WHAT YOU NEED TO DO
Once the line holding "Silver trend" is found, output it and all remaining lines of the data exactly, with every picture left out.

RECORDED DATA
:::

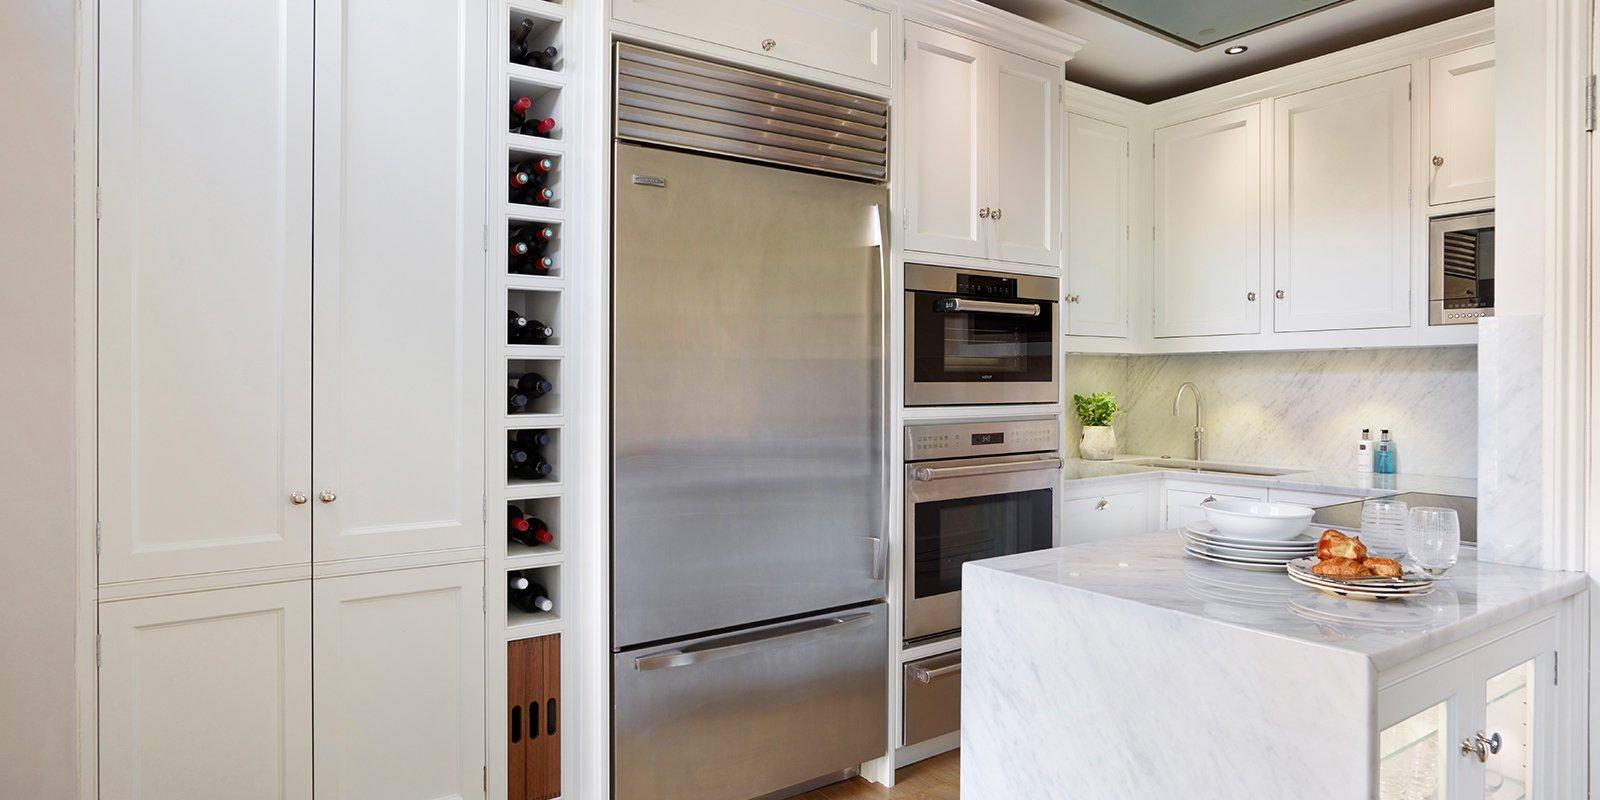 gally kitchen with sub zero fridge freezer
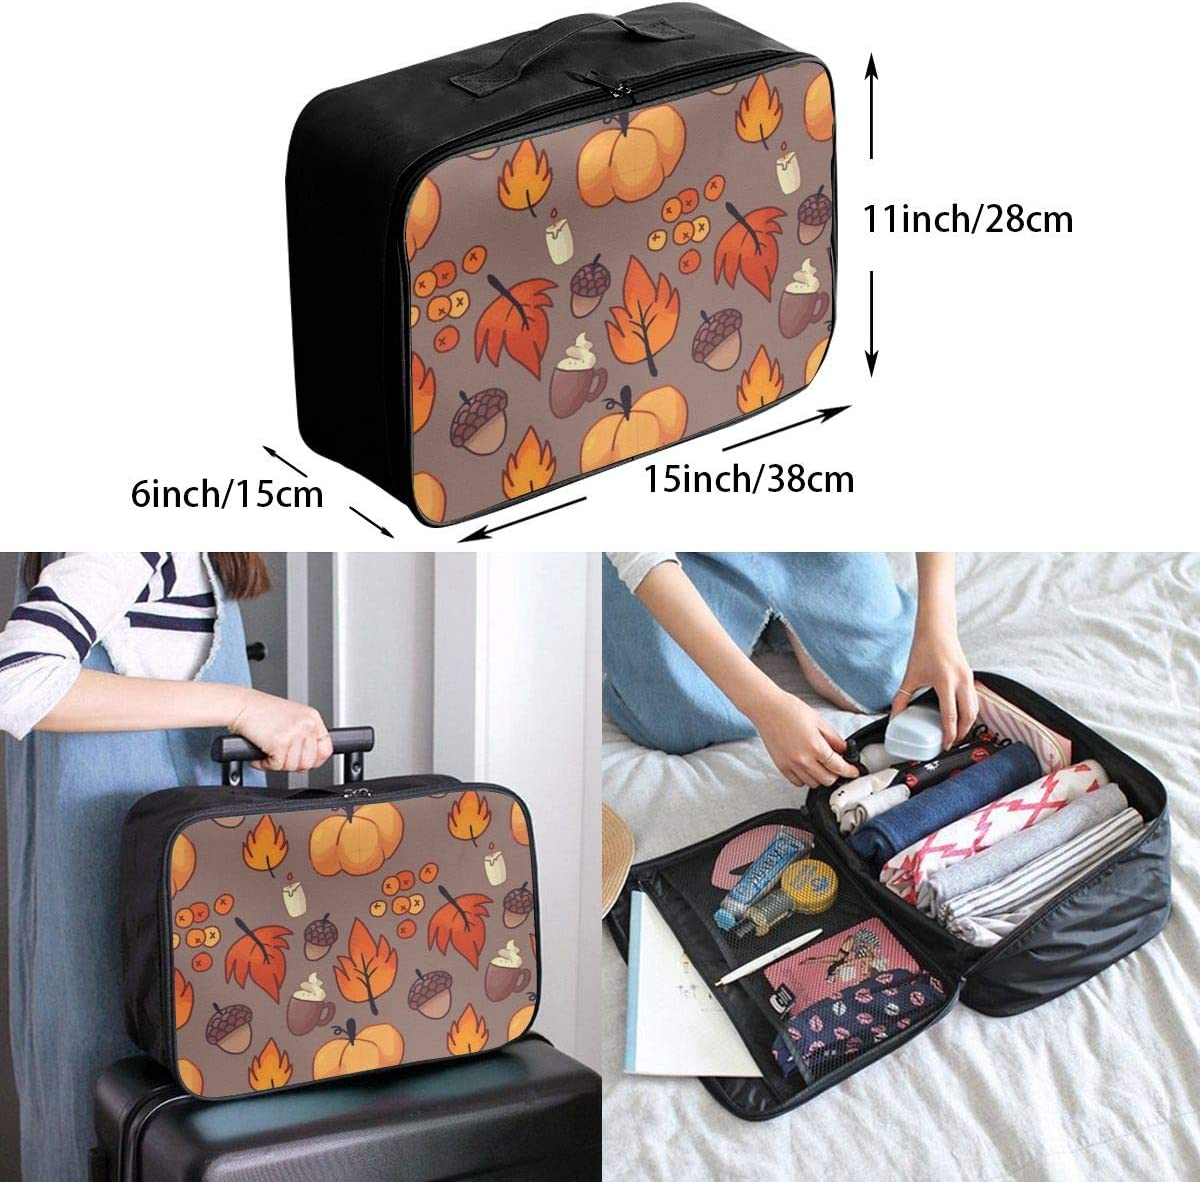 Maple Leaf Pumpkin Travel Carry-on Luggage Weekender Bag Overnight Tote Flight Duffel In Trolley Handle
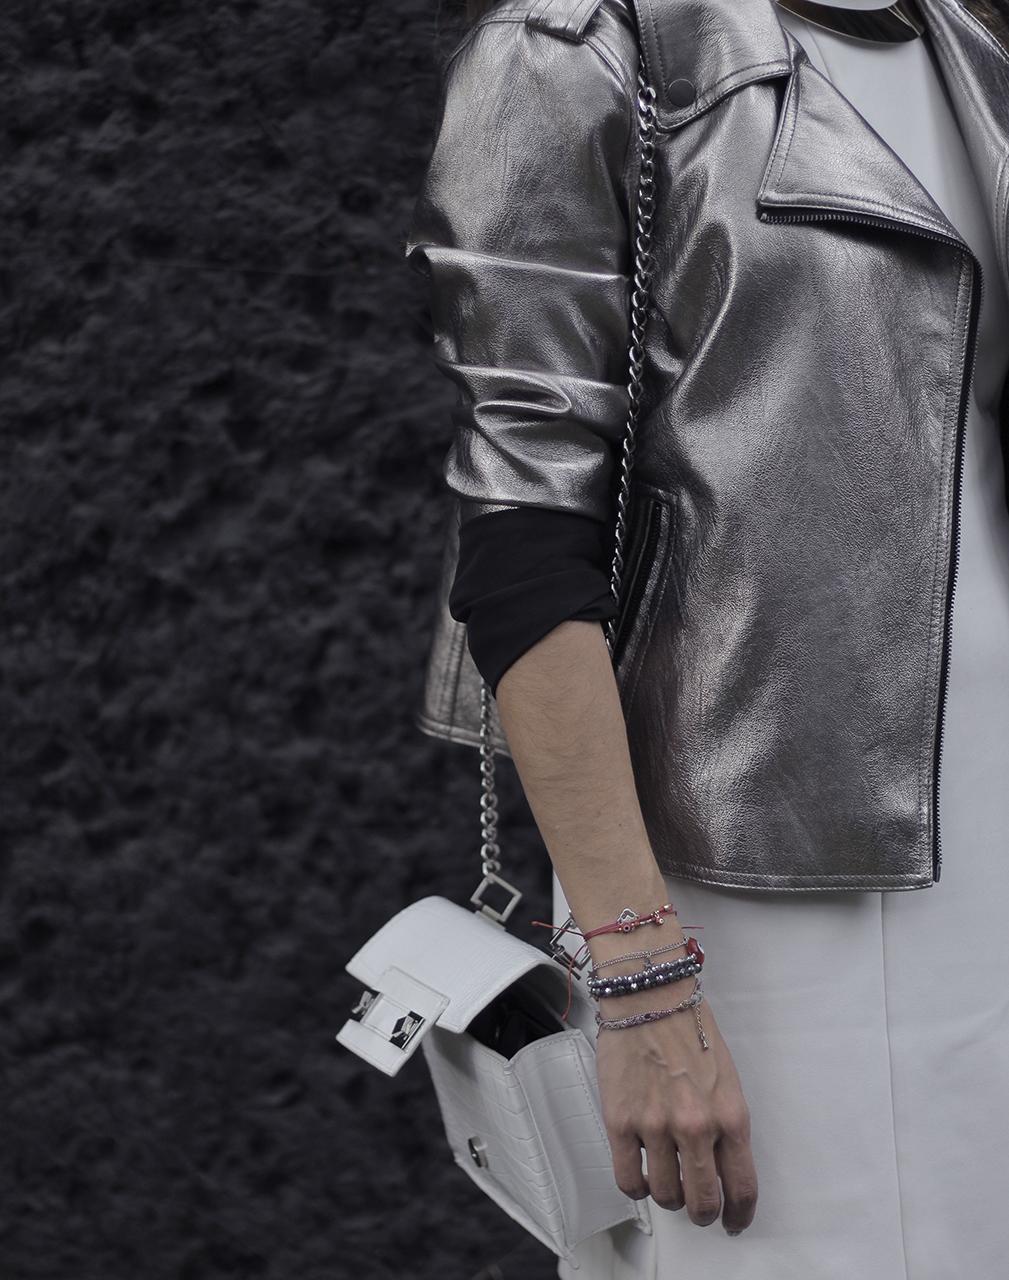 Silver trend
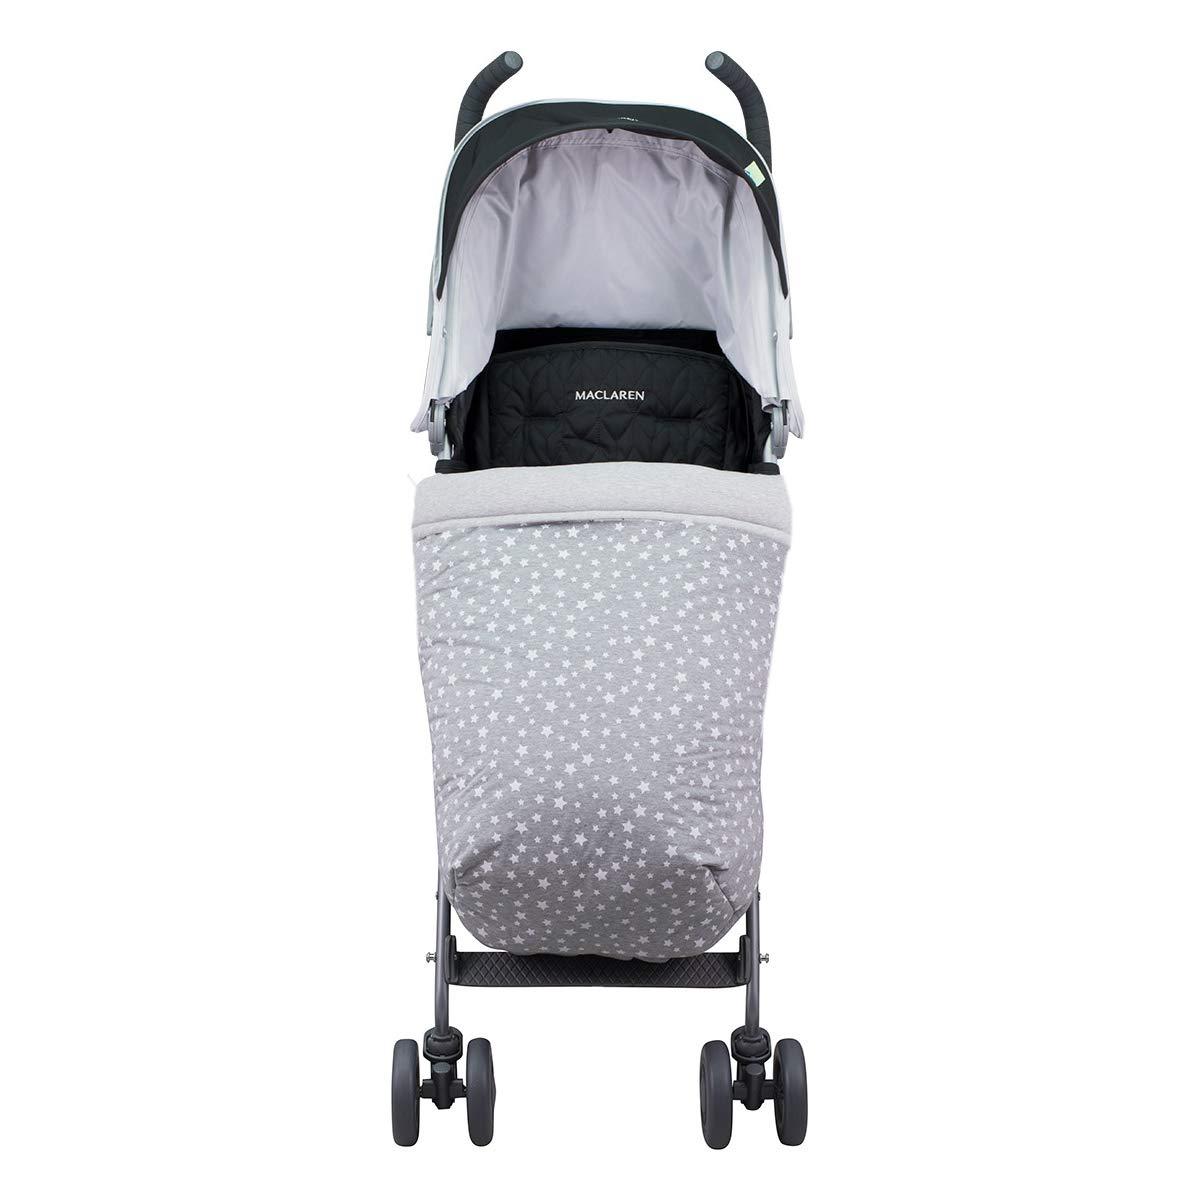 Janabebé Universal Baby Blanket Footmuff for Pushchairs (White Star, Cotton)

:::

REPLY TO THE TASK
 Silver trend
 Janabebé Universal Baby Blanket Footmuff for Pushchairs (White Star, Cotton)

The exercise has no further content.